Earlier this year a Roblox spokesperson told the New York Times: “We recognize that extremist groups are turning to a variety of tactics in an attempt to circumvent the rules on all platforms, and we are determined to stay one step ahead of them.”
Last year the company told Wired that it works “closely with the Middlebury Institute’s Center on Terrorism, Extremism, and Counter-terrorism (CTEC), a world leading counter-terrorism institute and other governments and NGOs across the world to help us prevent extremist activity on our platform”.
Australian Federal Police warn of Trojan horse games
In 2019, reenactments of the terrorist attack at Christchurch began taking place on Roblox. At the time, the Australian Federal Police said their concern was that “extremist groups are exploiting these platforms to target a very young group of Australia’s population, by creating content to share and encourage far-right/extremist ideologies and abhorrent violence against others.”
More recently, arguably showing that politicizing online can be good, users joined virtual rallies in support of Palestine – but, as in reality, some pro-Israel counteractions cropped up.

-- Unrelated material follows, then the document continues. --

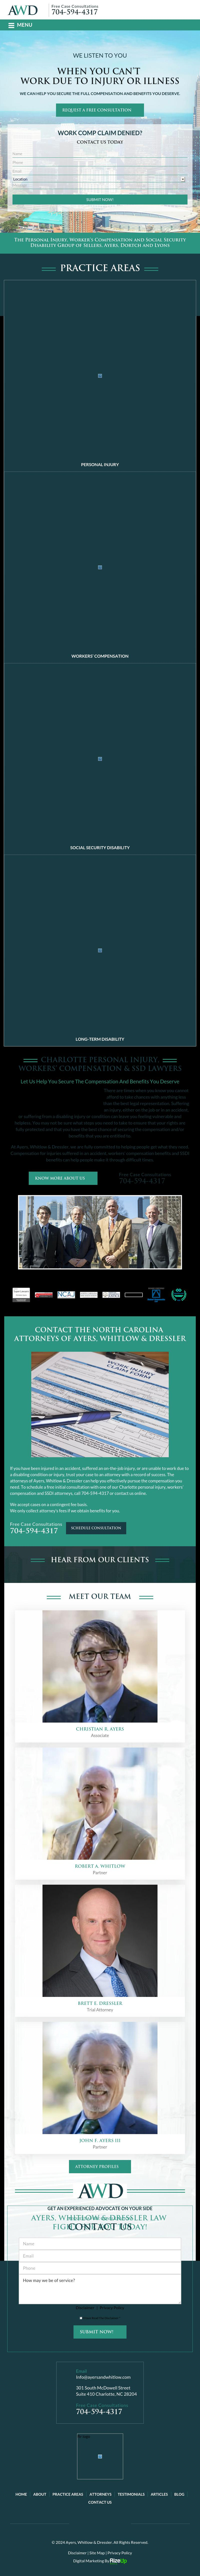 Ayers, Whitlow & Dressler - Charlotte NC Lawyers

Some players violently (but virtually) attacked others with opposing views.
“While our Community Standards allow for expressions of solidarity, we do not allow for content that endorses or condones violence, promotes terrorism or hatred against individuals or groups, or calls for supporting a specific political party,” a Roblox spokesperson told CNBC.
In reality, the internet isn’t what makes young people interact with adults who have bad intentions – yes, it’s an enabler, but an older sibling’s friend could have as much sway in a child’s life.
What’s unique about the gaming community is that it’s a great equalizer, something especially attractive to people who feel somehow disadvantaged. When it provides community for a teen plagued with hormonal anxiety, that’s not a bad thing. But when it feeds emotionally vulnerable or especially receptive young audiences with an idology, that equalization can become a normalizing factor, whether the message is positive, progressive and self-caring, or politically regressive, racist, or violent.